Oyun terapisi özellikle travmatik yaşantılar ve bu yaşantıların neden olduğu sorunlar üzerinde oldukça etkili bir terapi yöntemidir. Yaşanılan travmalar çocukların travmayı yaşadığı gelişim döneminde takılmasına ve daha sonraki gelişim dönemle geçerken zorluk yaşamasına neden olabilir. Oyun çocuğun, takıldığı gelişim aşamasında gerekli iyileşmeyi sağlayarak bir sonraki gelişim aşamasına geçmesine yardımcı olur.

Çocuklar oyun aracılığıyla pek çok şeyi öğrenir ve anlatır.

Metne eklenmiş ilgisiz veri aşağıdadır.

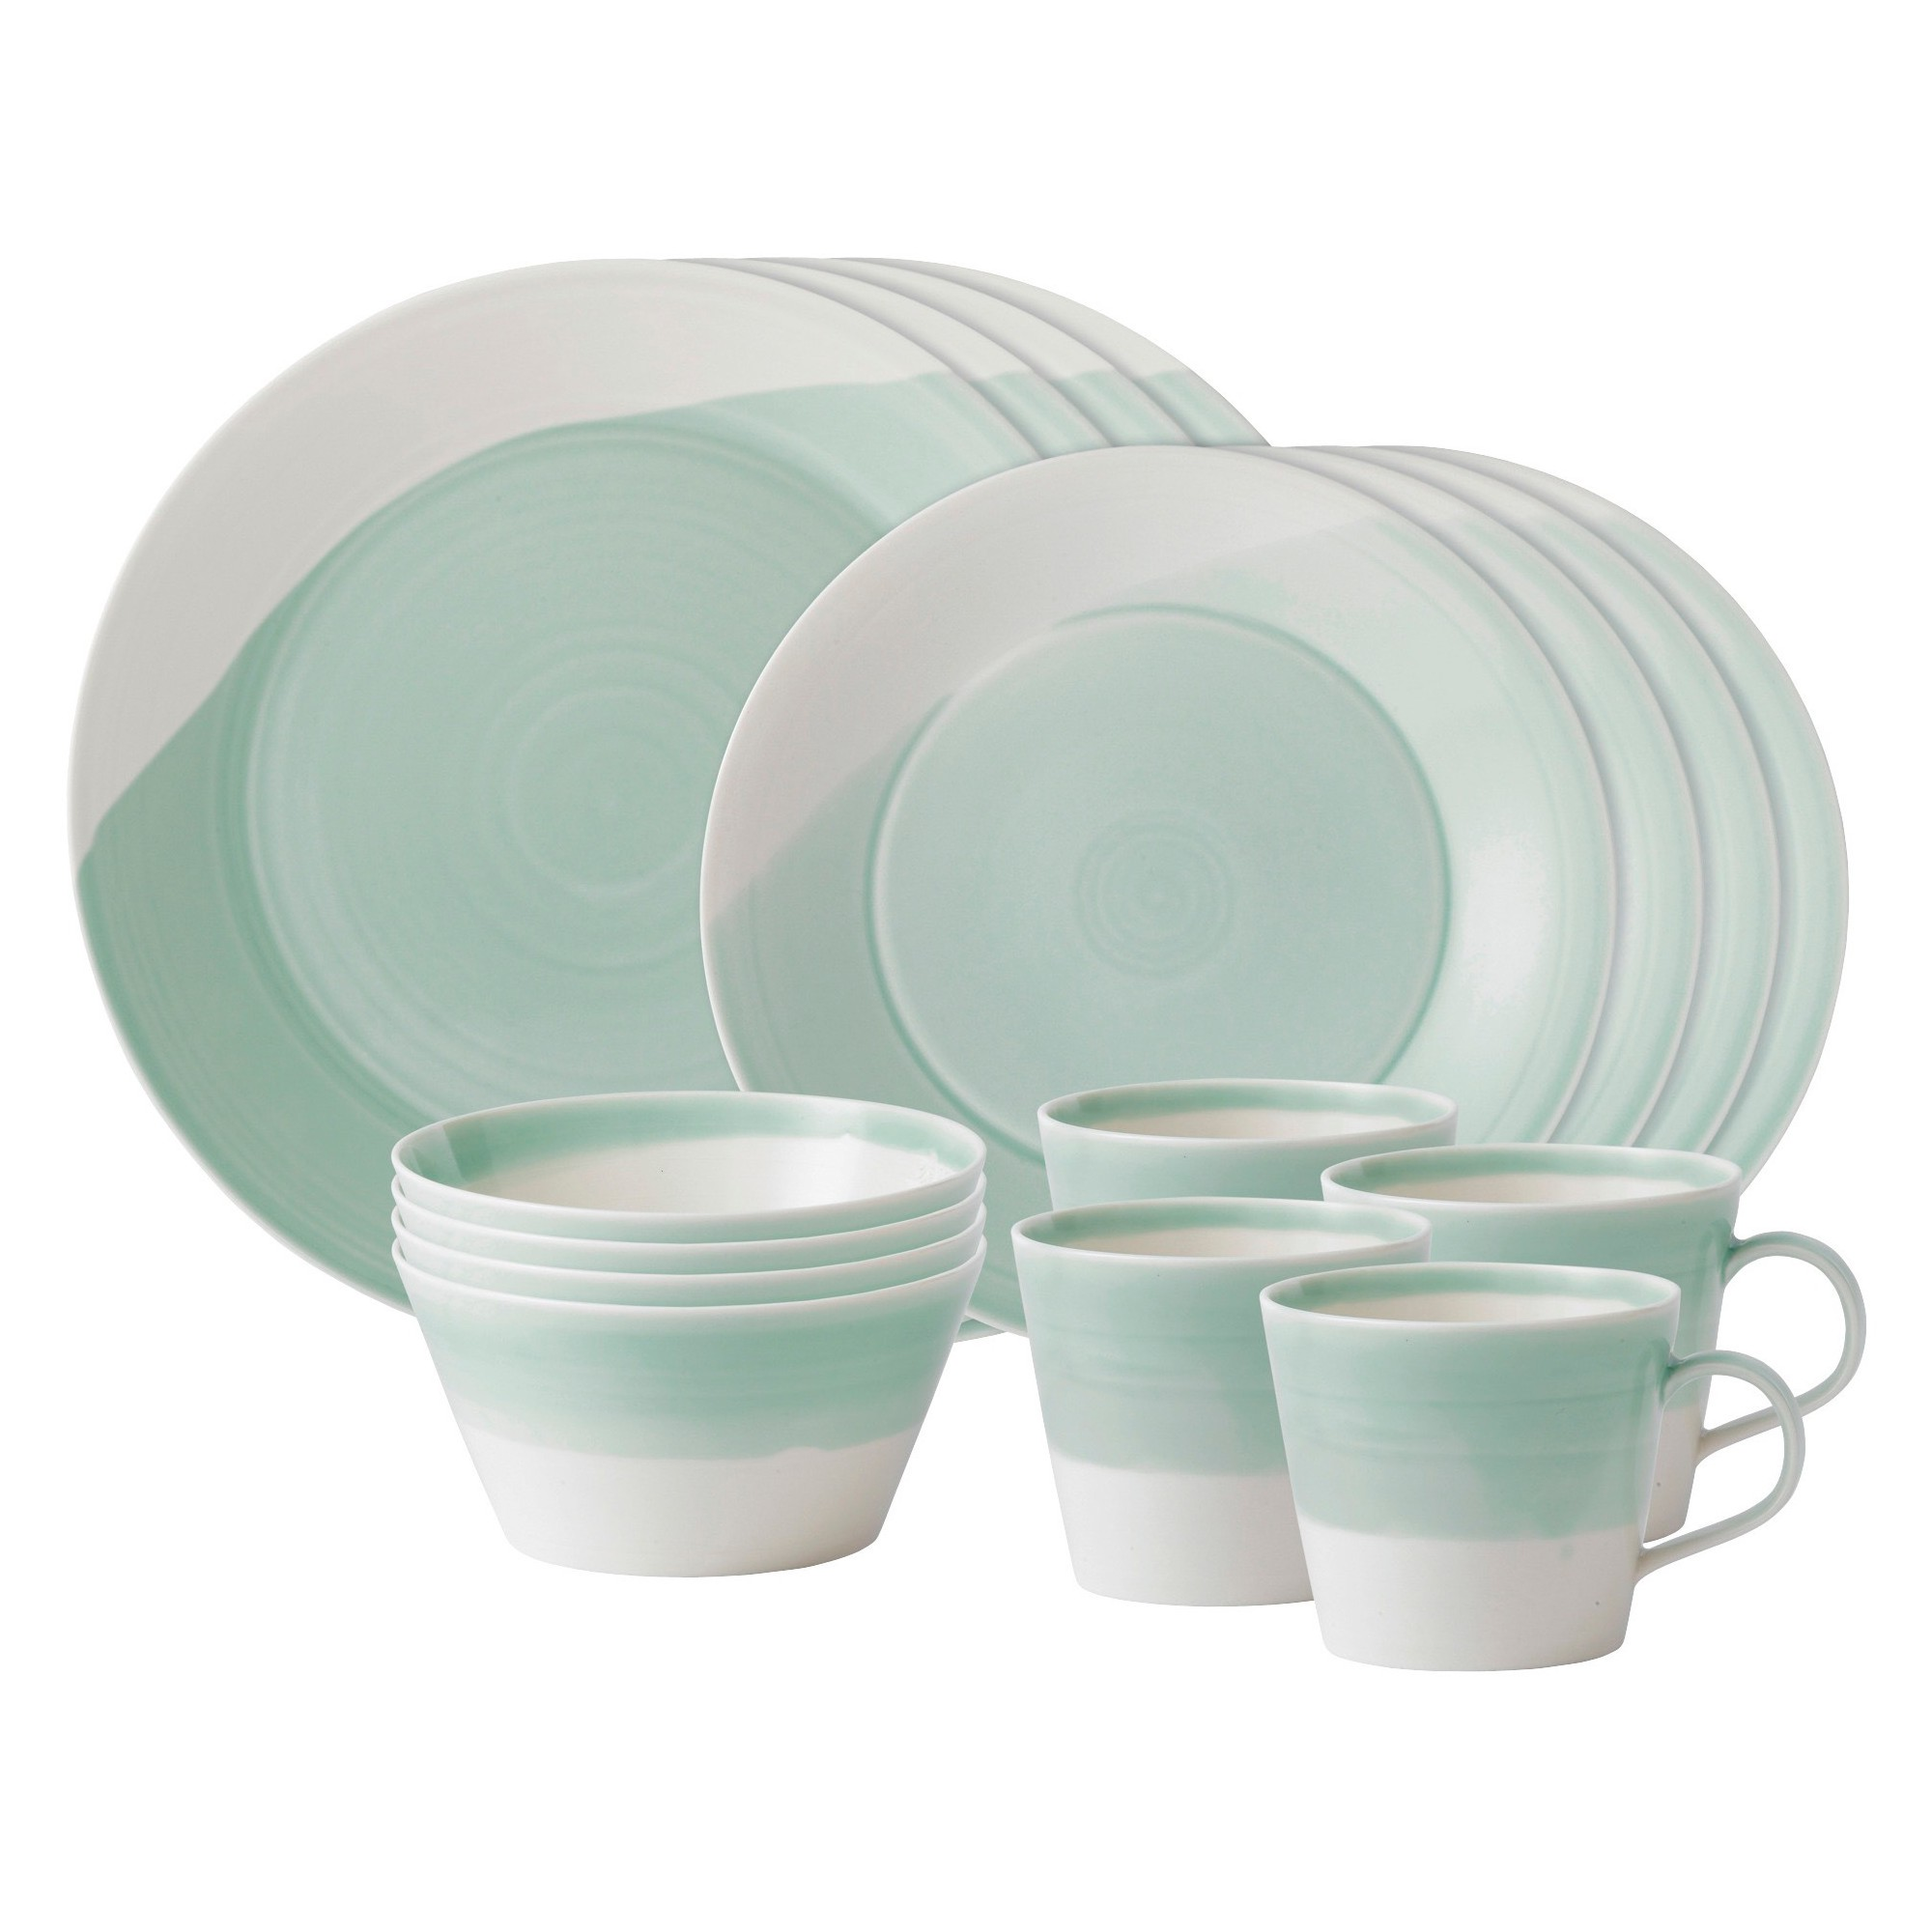 Royal Doulton 1815 Porcelain 16pc Dinnerware Set Green
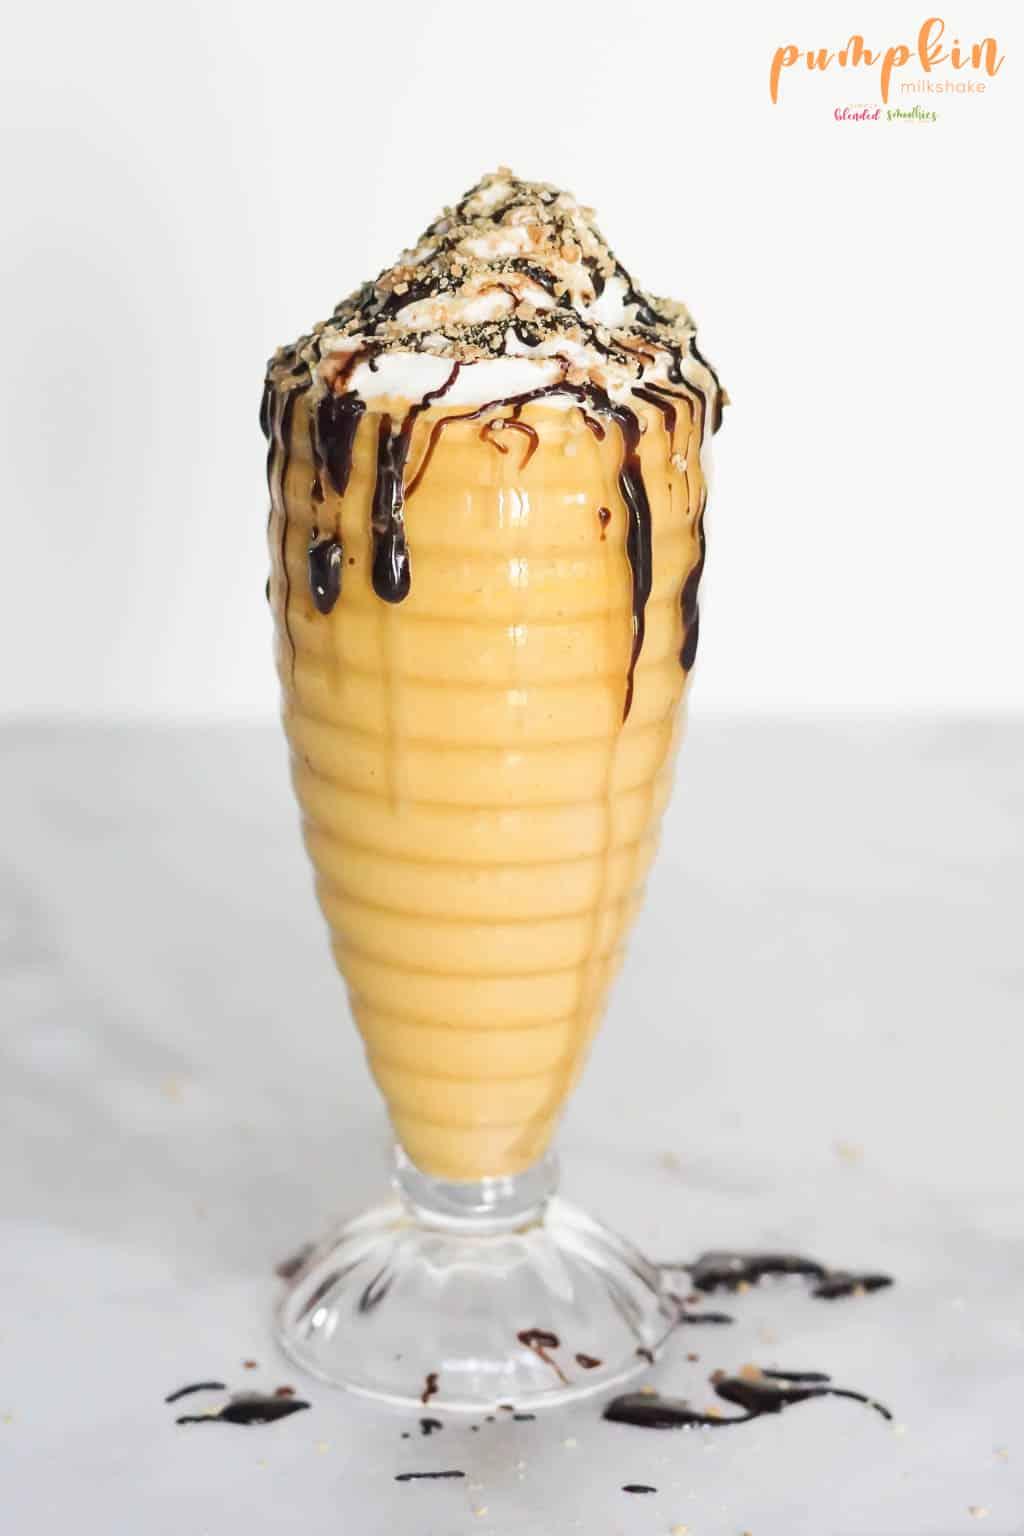 Pumpkin Milkshake Recipe - delicious pumpkin milkshake recipe

Hayatın provası olarak oyun, çocukların yeni bilişsel ve sosyal becerileri, değerleri ve ahlaki değerlendirmeleri anlamasını ve bunları kendisi ile bütünleştirmesini sağlar. Çocuklar oyunda kimi zaman heyecan ve coşkuyu yaşarken, kimi zaman üzüntü, özlem ve öfkeyi yaşar. Bazı oyunlara en olumlu düşüncelerini koyarken bazen de hayata en karamsar açıdan bakar. Eşsiz hayal dünyaları içinde yaptıkları yolculuklara katılmak siz anne ve babalar için de bulunması oldukça güç bir fırsat. Çocuğunuz sizi oyununa davet ettiğinde vereceğiniz olumlu bir cevap ailenize çok şey katacaktır. Üstelik günlük hayatın sıkıcı doğru ve yanlışlarından kısa süreliğine de olsa uzaklaşmak… gerçekten çok iyi bir fikir. Hem televizyon karşısında yaptığımız şey de bu değil mi?

“Oyun çocuğun sanatıdır, sanat yetişkinin oyunudur.”
Koray Tarhan
Oyuncu ve Doğaçlama Eğitmeni


Kaynakça

1. Dr. Carol Norton, Byron Norton, Reaching Children Through Play Therapy, White Apple Press, USA, 1997
2. James L. Gould, Carol Grant Gould, Hayvan Zihni, Tübitak Yayınları, Ankara, 2000
bu yazı, mother and baby dergisinin mayıs sayısında yayınlanmıştır.